Fig. 4

Possible computational mechanisms that could explain increased breathlessness despite normal breathing patterns. (A) Different internal models for breathlessness perception and breathing patterns. The same sensory input and its reliability is assumed for breathing patterns and breathlessness perception, represented as the same likelihood function. However, for breathlessness a higher and more reliable prior (i.e., higher mean value and less variance/higher precision) is assumed. According to Bayes theorem, the posterior (blue curve) is a precision-weighted combination of likelihood and prior. Thus, due to the higher and more reliable prior for breathlessness perception than breathing patterns, the resulting posterior is shifted towards higher breathlessness levels, even though sensory input (likelihood) is the same as for breathing patterns. The inferred bodily state (posterior) is thus closer to the actual sensory input in breathing patterns and closer to the prior in symptom perception.

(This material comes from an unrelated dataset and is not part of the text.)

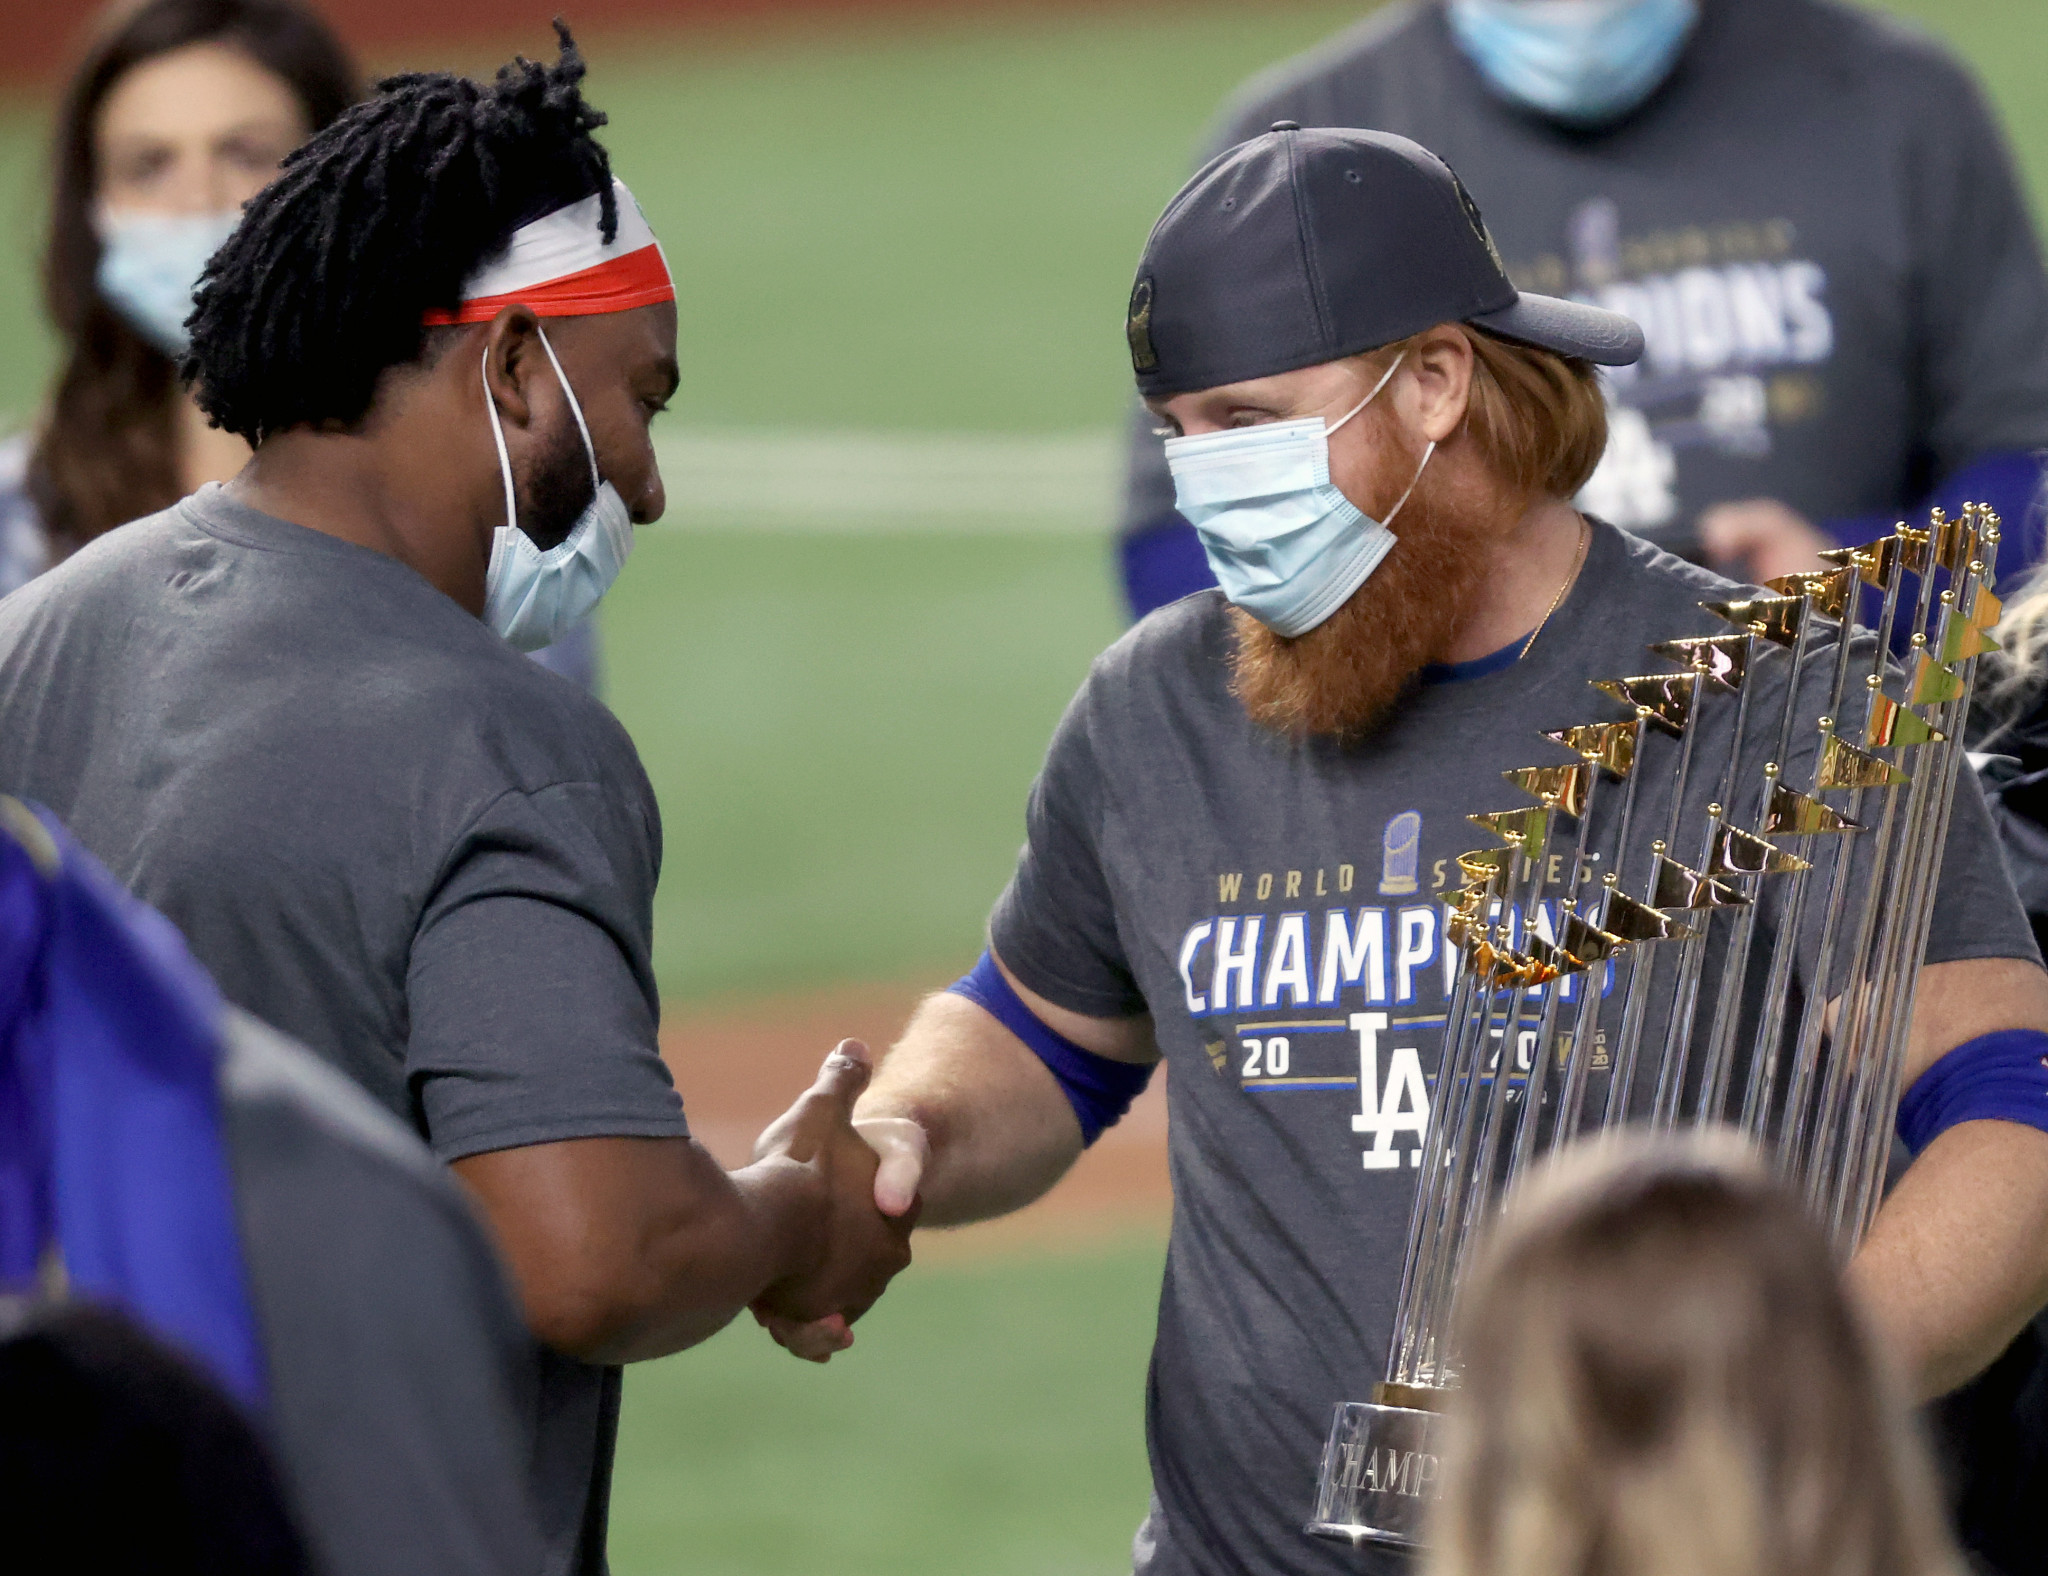 Justin Turner, right, shakes hands with a colleague despite knowing he has coronavirus ©Getty Images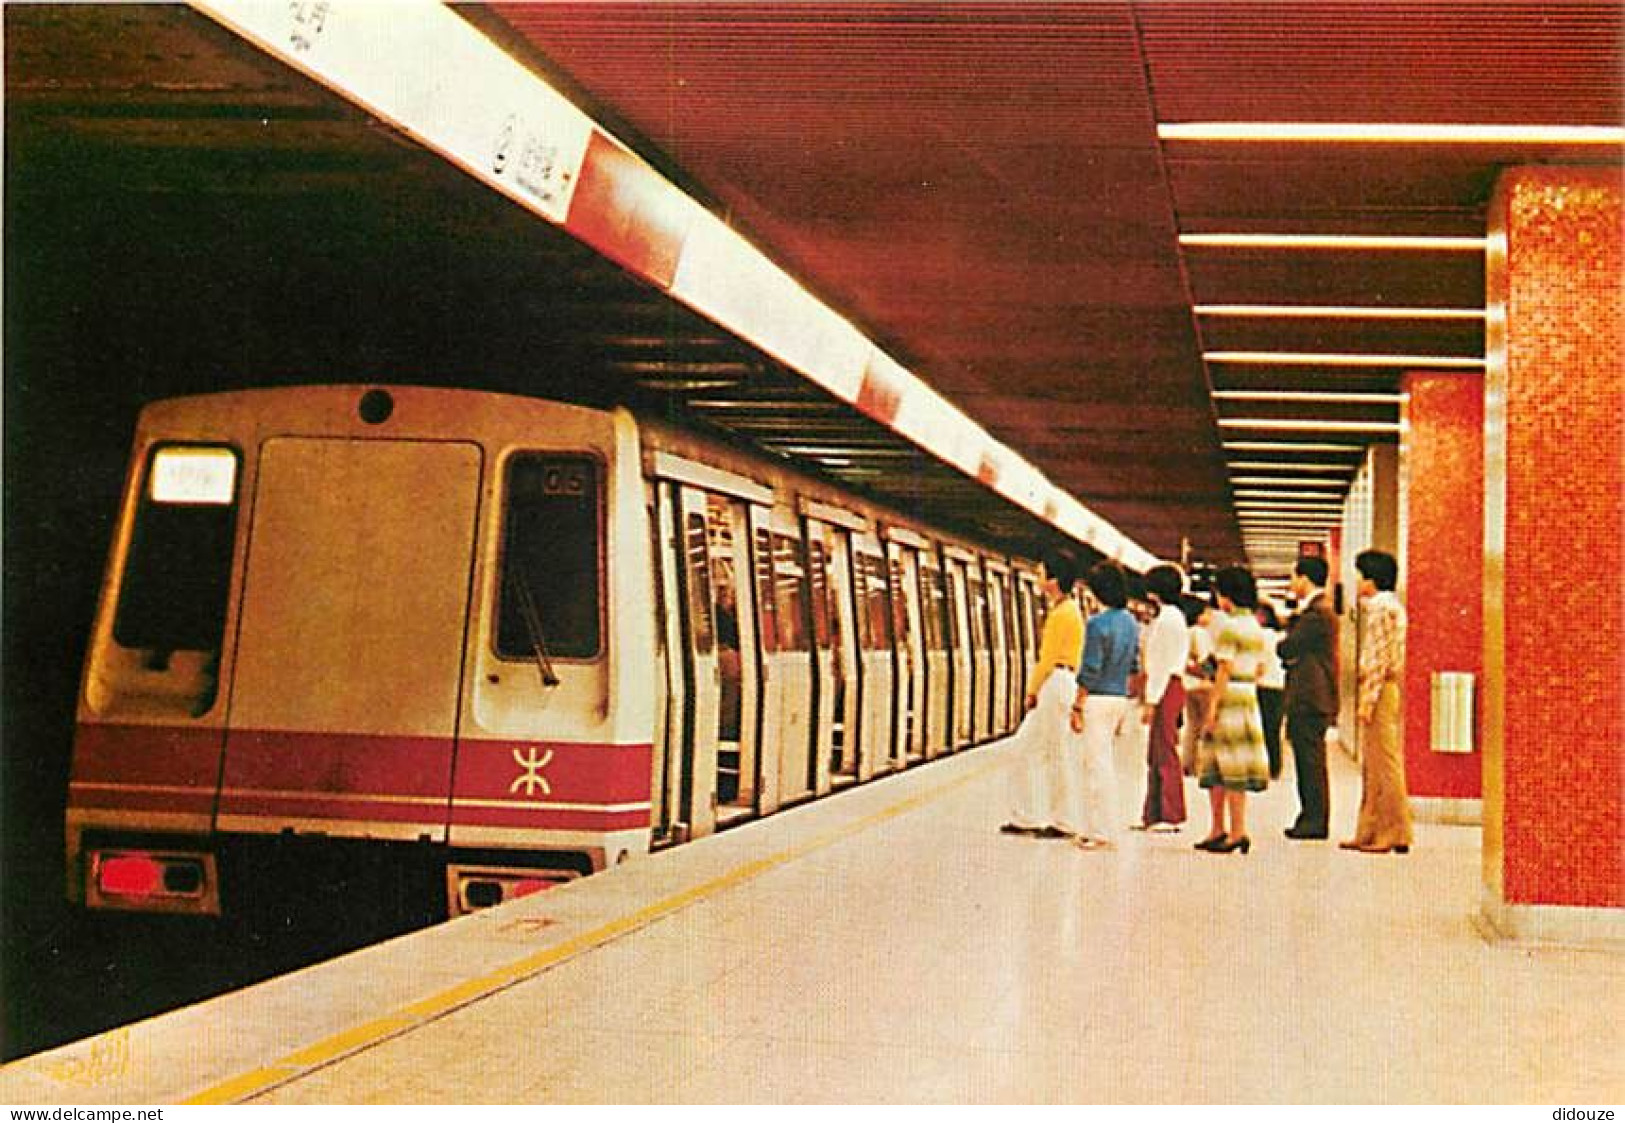 Trains - Métro - Hong Kong - Hong Kong Has Marked Its Entry Into The 1980S With A Significant New Achievement: The Métro - Metro

While the respiratory state is correctly inferred for breathing patterns, an incorrect internal model, e.g., with a strong weighting of erroneous priors, could lead to strong breathlessness despite an intact respiratory body state. (B) Alternatively, the same internal model could be used, yielding the same posterior (top, blue curve) but different cost-functions could be applied to decide on the action that should be taken. Applying a cost function mathematically corresponds to a convolution (⊗) of the posterior with the cost function. This yields the expected costs (solid line for breathing patterns, dotted line for reported breathlessness) for each possible action and allows to choose the action associated with minimum costs. An action can either be a specific breathing pattern or a symptom report. While breathing patterns and symptoms are outcomes that can be consciously perceived, the decision process involving the application of cost functions (B), or the formation of priors (A), is happening subconsciously.